Mostly I want to have Star Trek, any version, playing while I do my sewing. I could put on the radio but sometimes (gottalovem) CBC radio is just dumb and my stitches get tight while my mind boggles. (Star Trek is often dumb but it is Sci-fi, come on!)
Last night while falling asleep I realized my dreams were of a billion tiny flowers, each providing a context for perpetually opening complexity, which viewed as a whole was breathtaking. From my perspective they were the flowers of a quilt that I painstakingly was appliqueing one at a time, made of billions of threads of cotton, manufactured and dyed, all by human hands from plants grown in sunlight and with water and tended by more human hands on a beautiful planet spinning within spinning galaxies.
So as glitchy as these entertainments are from my point of view, some things, important and awesome, never change. 🙂
I prefer to visit houses that have animals or children in them, of course humans too, this means I might get a hot beverage. This weekend I was reunited with my brother’s cohabiters. We bonded. But I didn’t feed them so it was brief. Spanning pan dimensions requires the intake of lots of fuel after all (and naps, preferably in the sun) so they aren’t being rude when they ask for food, just expedient.
I am at a crossroads in the my life so what do I do? I get a job as a crossing guard.
Thursday I get my I.D. badge etc. I am confident and have the a.o.k. from the neurologist. No migraine in three months (a first in my lifetime). I need the income and the city needs crossing guards. It will mean covering a whole division but it is in my daughters area so if I need a pit stop I won’t have to come all the way home. It’s a better area than where I live. I live in the place where there is largely inadequate transit, and really long distances between libraries, coffee shops and places where one can hang out between shifts, important on those cold winter days.
I am looking forward to it. I can bring my hand sewing with me and work on it in between morning, noon and afterschool shifts. I am doing a lot of applique stuff right now.
I get training but in the meantime I am practicing in front of the mirror.
No excuses. Well, I might have a migraine coming because just the way that sentence sounds makes me giggle. Inappropriate giggling is one of the signs of impending migraine and also why I don’t drink wine.
And, yes I have to read everything I write out loud, or moving my lips. I have always done this. It is particularly difficult when I have never heard a certain word pronounced out loud but have read it often. I read a lot. But I don’t read particularly well.

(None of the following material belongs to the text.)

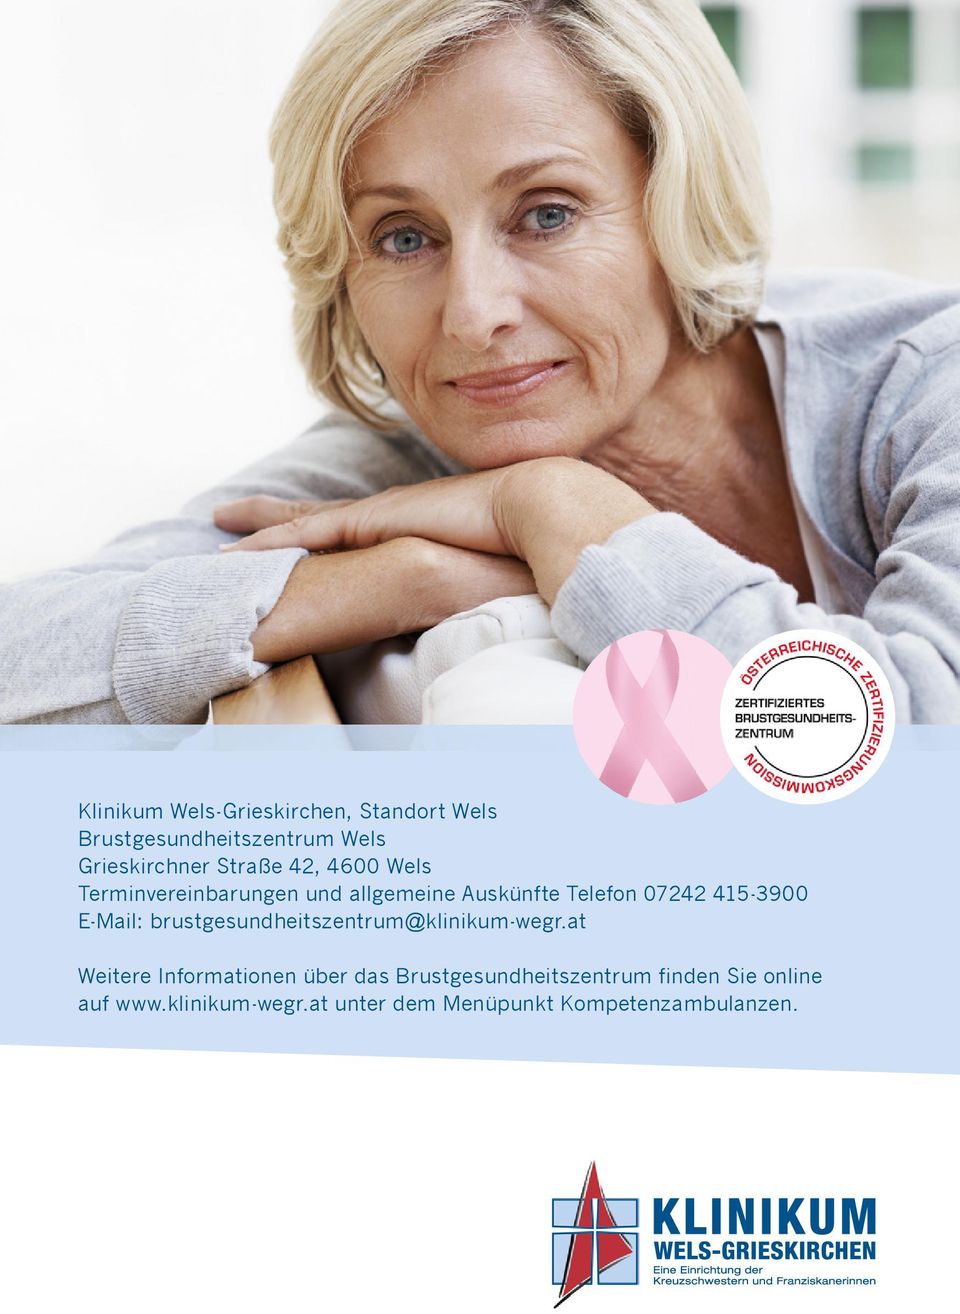 E-Mail: brustgesundheitszentrum@klinikum-wegr.

Perhaps you now understand why I am re-blogging my blog. https://quiltingismyaddiction.wordpress.com
Okay it is funny. Just switch the first letter or first two letters of blogging and blog with a different letter…never mind. I can’t seem to link to it. Oh well, you can see a bit of what I am up to, if you care to visit my other site, now that my brain is totally addled. 🙂
Unfortunately, on the days I am not dizzy I am too busy catching up on the things I can’t do when I am. (not)
Oddly, I can blog when I am dizzier than a drunken sailor. Go Figure.